# Fat moments



## wi-steve (Sep 6, 2007)

Idea for interesting discussion.... Anyone ever run into those time when you realize, wow there's a whole lot more of me? Like them, dislike them?

I've been kind of noticing that my belts have to be buckled a step bigger, which isn't great news for me... not trying to gain myself and I hate spending money on clothes.

Steve


----------



## troubadours (Sep 7, 2007)

everyday is one big fat moment for me. getting dressed, squeezing into desks, taking up more than one bus seat (but not exactly two just yet)... i love it all :wubu: it's exciting, thrilling.. reminds me of how fat i am and how big i'm getting


----------



## The Fat Man (Sep 7, 2007)

troubadours said:


> everyday is one big fat moment for me. getting dressed, squeezing into desks, taking up more than one bus seat (but not exactly two just yet)... i love it all :wubu: it's exciting, thrilling.. reminds me of how fat i am and how big i'm getting



Wahwuhweewuh.. very nice! [/borat]


----------



## Ivy (Sep 7, 2007)

I've been actively gaining for a few months now, but the past 4 or 5 days have been filled with fat moments. 

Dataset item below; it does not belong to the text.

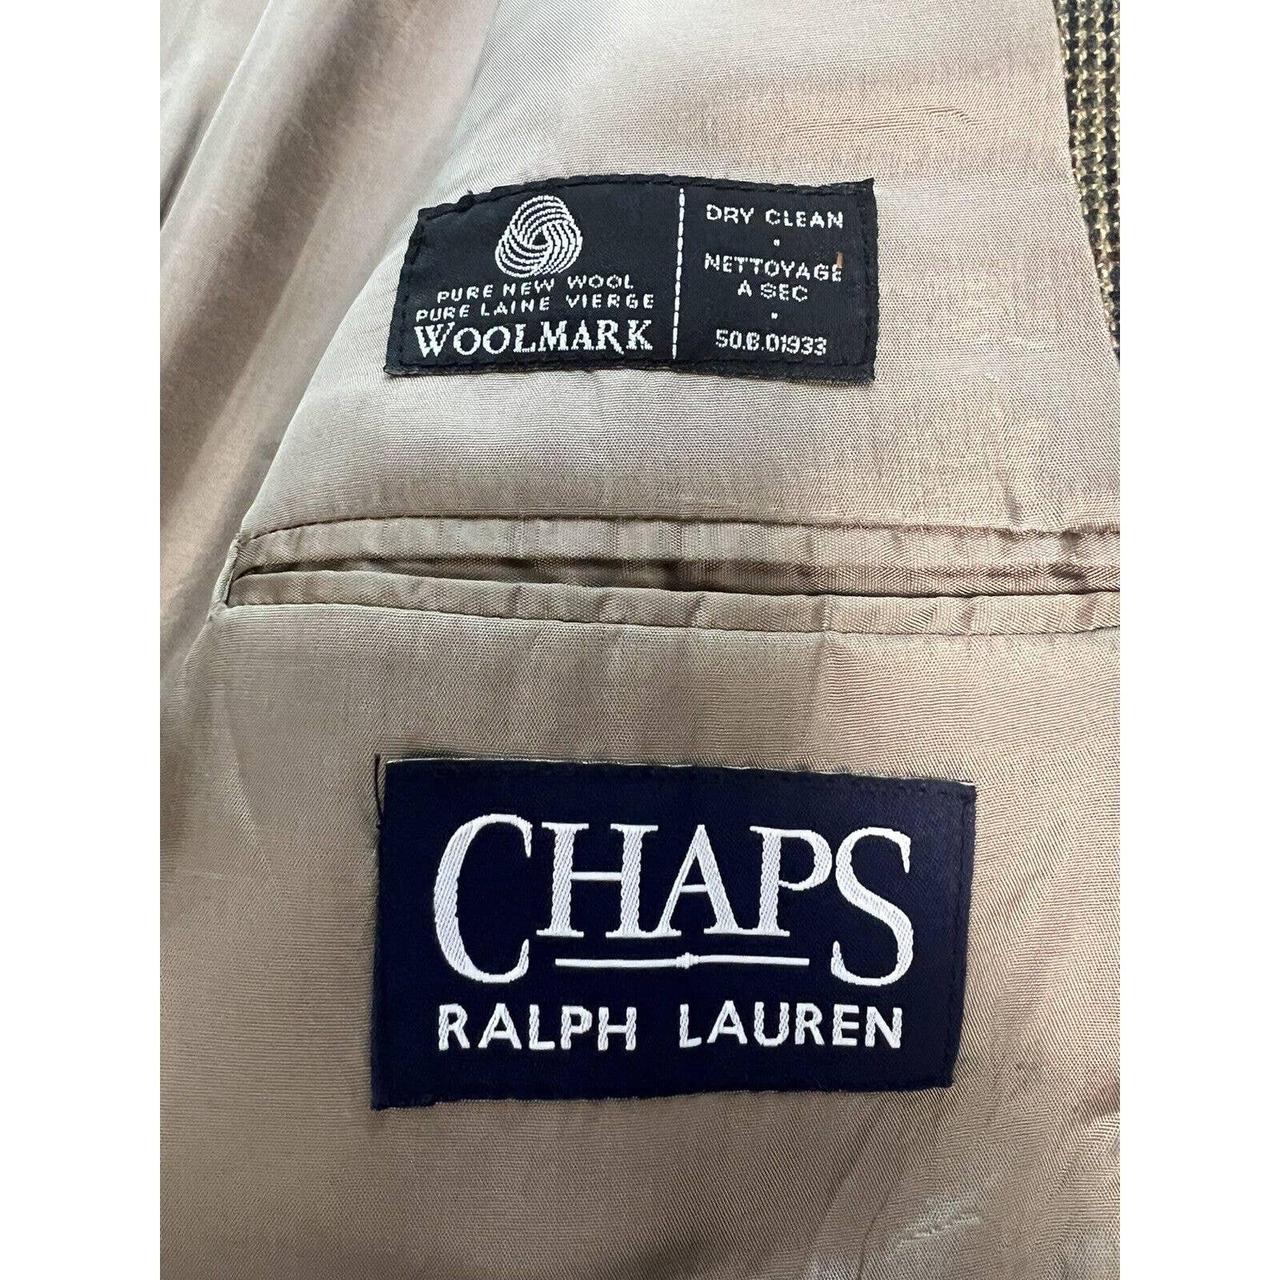 Ralph Lauren Chaps 2 Button Sport Coat 40R Lambswool... - Depop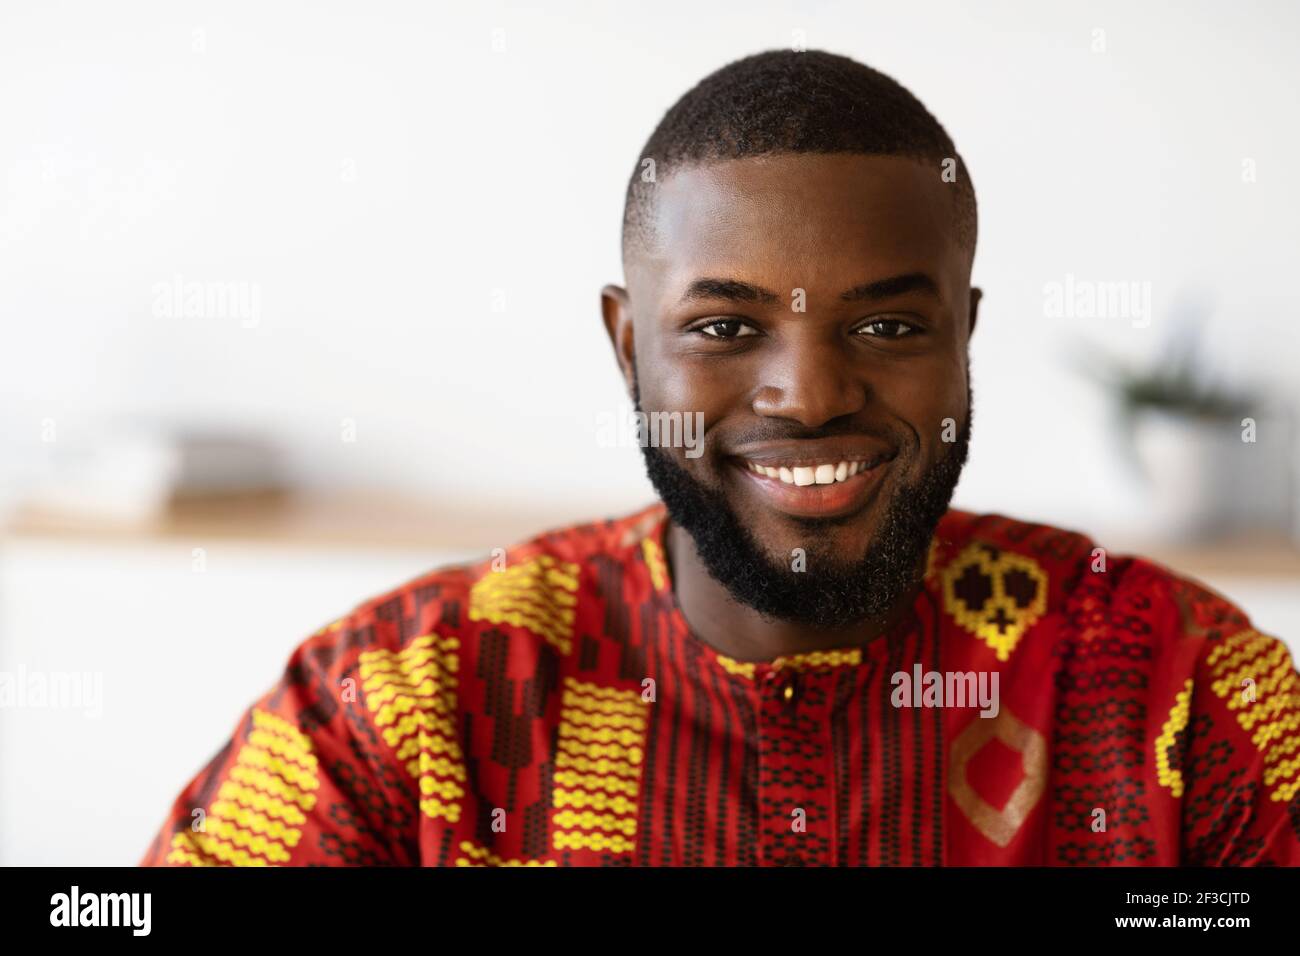 Nahaufnahme Porträt von schönen positiven schwarzen Mann in traditionellen afrikanischen Kostüm Stockfoto

Last Wednesday I pooped the button off my new jeans that fit just the week before. On Monday I got stuck in playground equipment while shooting a set. It was terrifying, but so hot. On Wednesday, I discovered that my belly hangs off the side of the table that I lay on when I visit my chiropractor. Also on Wednesday some new jeans came in the mail. One pair was supposed to be my current size and barely closes. Two pairs were supposed to be too big for me to grow into and one pair barely fits and the other fits perfect.. On Thursday I had to sit in a desk at school for te first time in a long time and my hips and thighs spilled over the edges considerably and my belly pressed up onto the desk part limiting my space to place my notebook. It was incredible how tight the desk was.. Just last quarter I fit in the desks just fine and now I can barely squeeze myself in. Today my favorite pj pants ripped up the front when I sat down in them.

It's been a hot past few days.. And there are more things that happened that I can't seem to recall at the moment.


----------



## RVGleason (Sep 7, 2007)

Recently I've noticed that the elastic band on my briefs have been biting into me more. I had to buy a larger pair and I think I'm going to have to get another size larger pretty soon. Also, my belly is starting to spill a little over my belt. I think those McDonald's Angus Burgers are starting to take effect!  

RV :eat1:


----------



## William (Sep 7, 2007)

Hi 

Sometimes at the Laundromat when I am folding my pants, I think "damn those are big!!" 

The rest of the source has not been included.